Decreto 2127 de 1945Decreto 2541 de 1945Decreto 797 de 1949Ley 6 de 1945

SALA DE CASACION LABORAL SALA DE CASACION LABORAL Radicación No.10248 Acta No.2 Magistrado Ponente: Doctor Jorge Iván Palacio Palacio Santafé de Bogotá D.C., veintinueve (29) de enero de mil novecientos noventa y ocho (1998). Se resuelve por la Corte el recurso extraordinario de casación interpuesto por el apoderado de ABELARDO CHACON TROCHEZ frente a la sentencia del 26 de junio de 1997, proferida por la Sala Laboral del Tribunal Superior del Distrito Judicial de Guadalajara de Buga, en el juicio ordinario del recurrente contra el FONDO DE PASIVO SOCIAL DE LA EMPRESA PUERTOS DE COLOMBIA - EN LIQUIDACION.

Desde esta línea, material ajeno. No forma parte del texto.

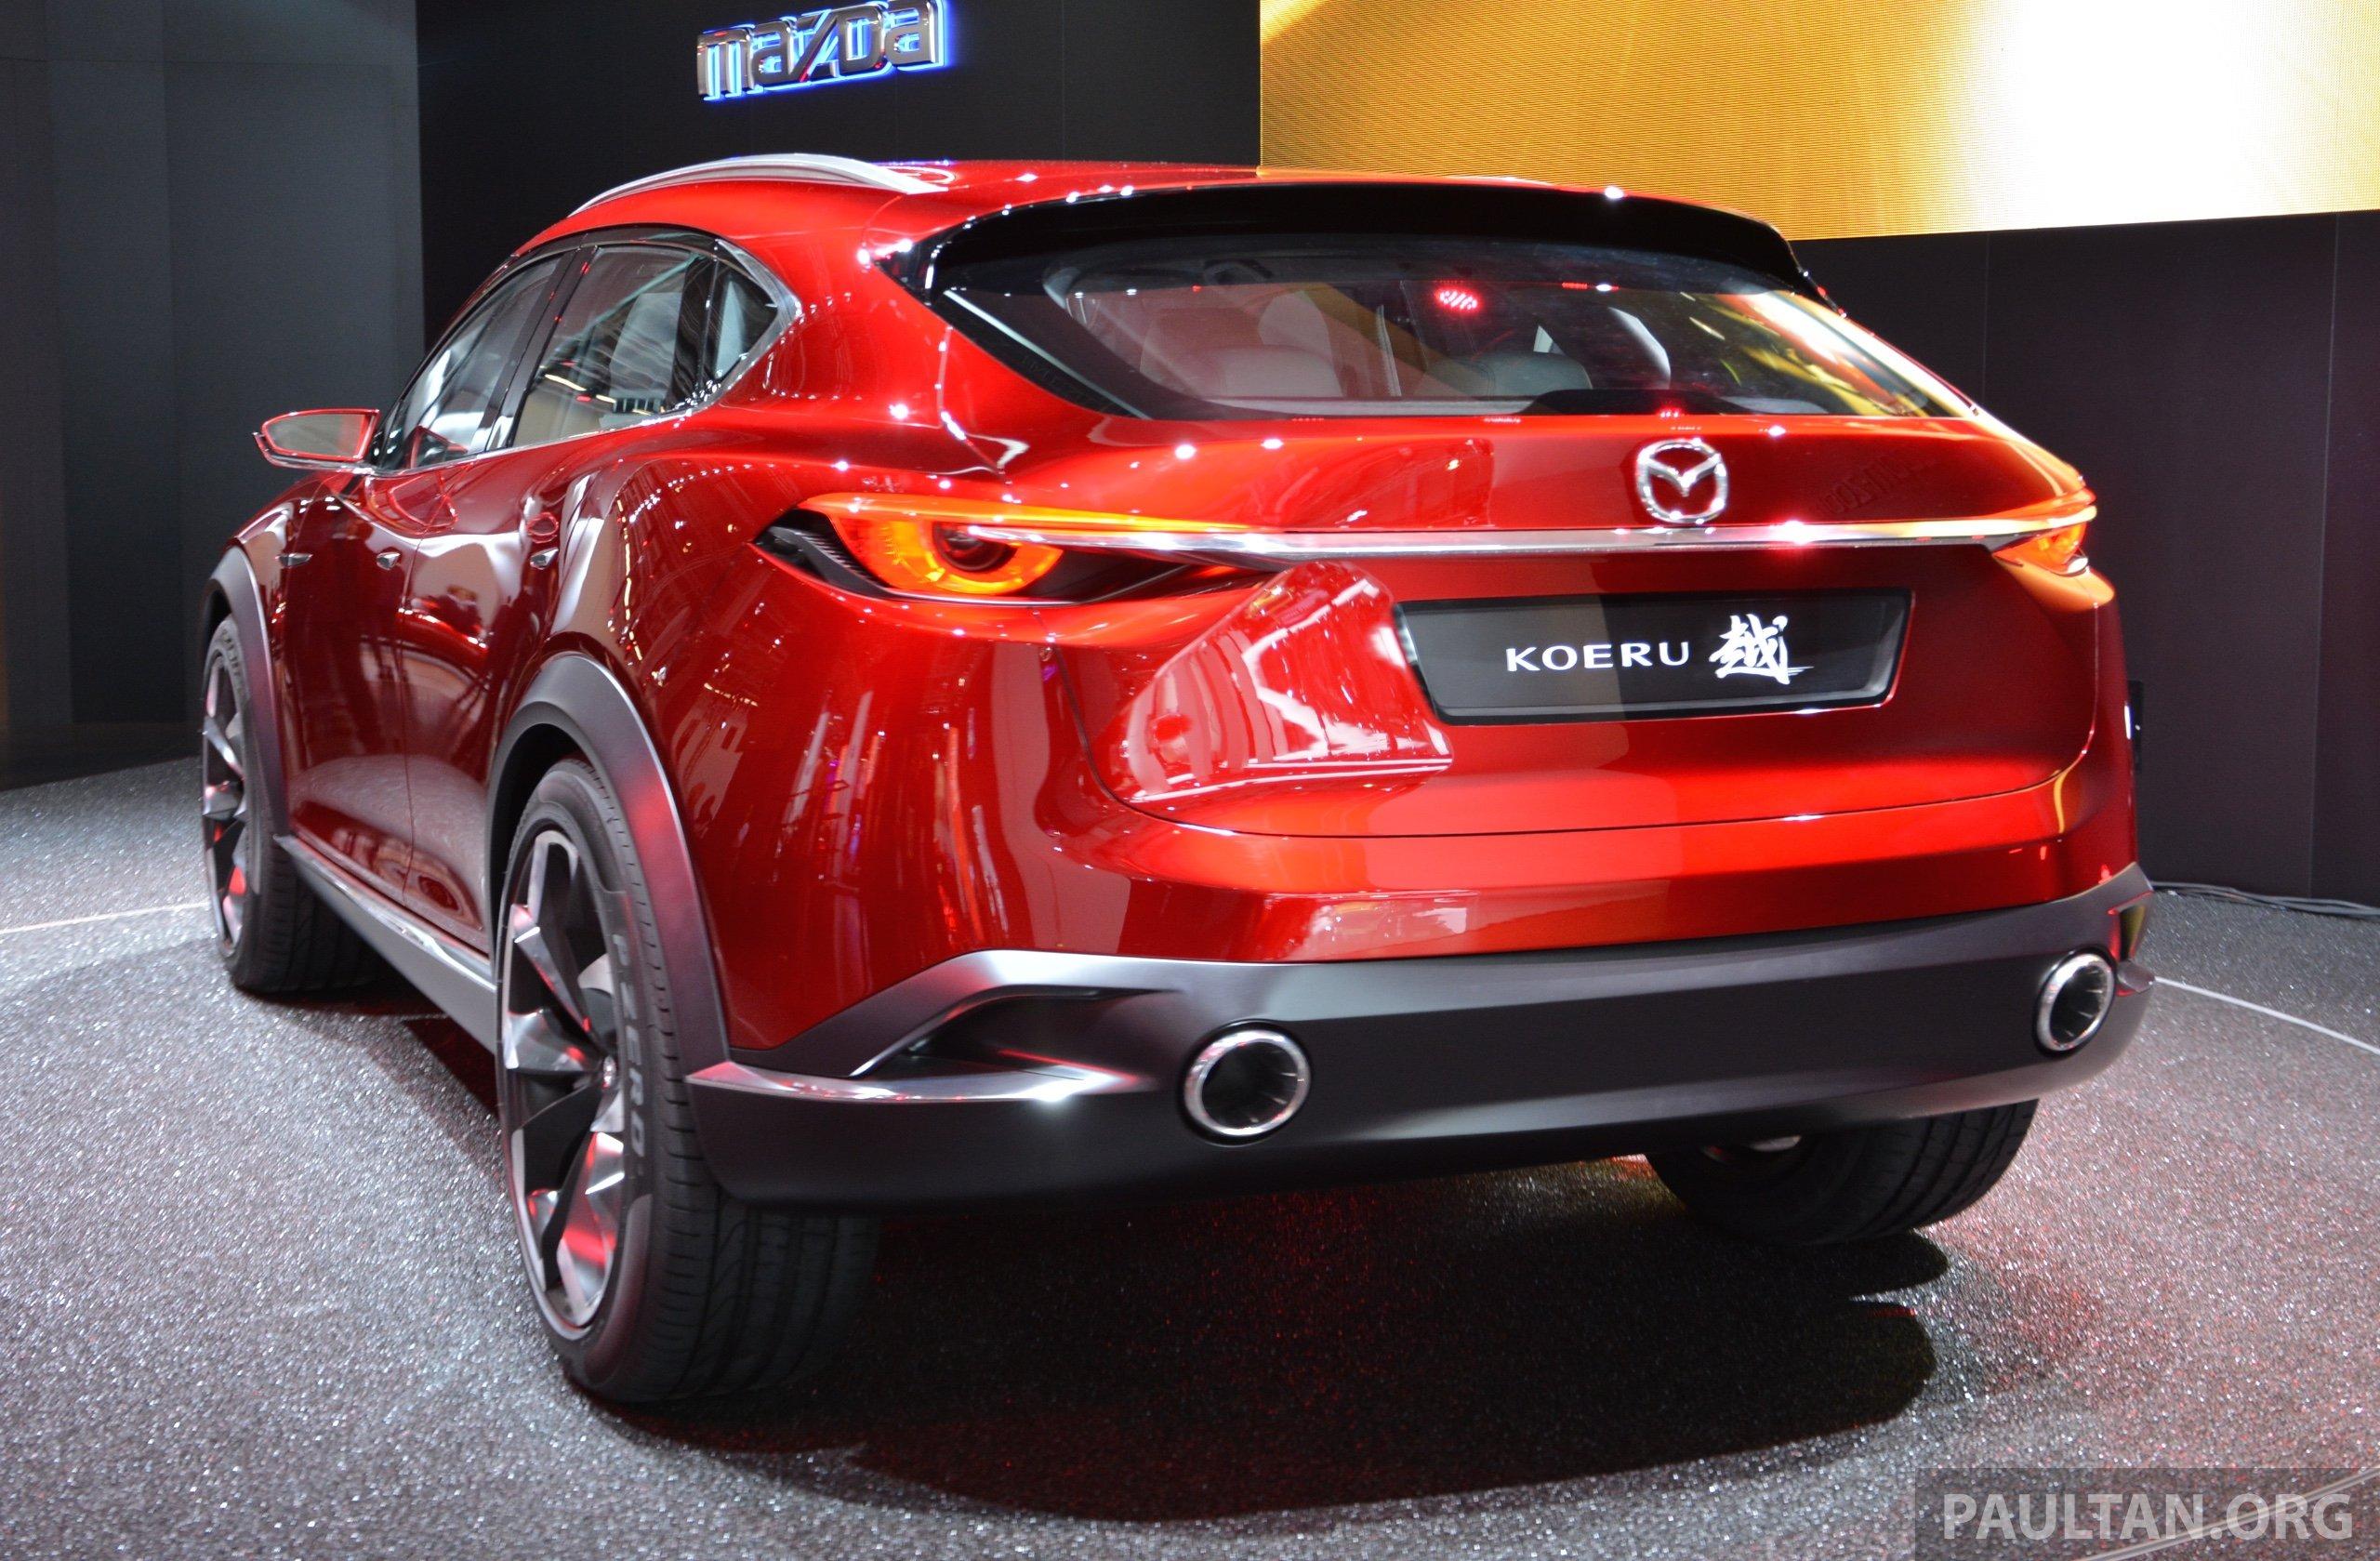 Mazda Koeru concept previews a sportier CX-5 SUV? Image 380241

A N T E C E D E N T E S El señor Chacón Trochez demandó ante el Juzgado Primero Laboral del Circuito de Buenaventura, al Fondo de Pasivo Social de Puertos de Colombia para que, previo el trámite del proceso ordinario laboral de doble instancia, se le condenara a entregarle el certificado médico de egreso y a pagarle la indemnización moratoria hasta cuando efectivamente se le entregue dicho certificado así como al reconocimiento y pago “de cualquier otro salario, prestaciones sociales e indemnizaciones que le correspondan…” y las costas del proceso.

Funda sus pretensiones en que trabajó al servicio de la Empresa Puertos de Colombia en el Terminal Marítimo de Buenaventura y al terminar la relación laboral aun cuando se le practicó el examen médico de egreso, no se le hizo entrega del certificado de salud que ordenan el reglamento de trabajo y la convención colectiva de la cual era el actor beneficiario.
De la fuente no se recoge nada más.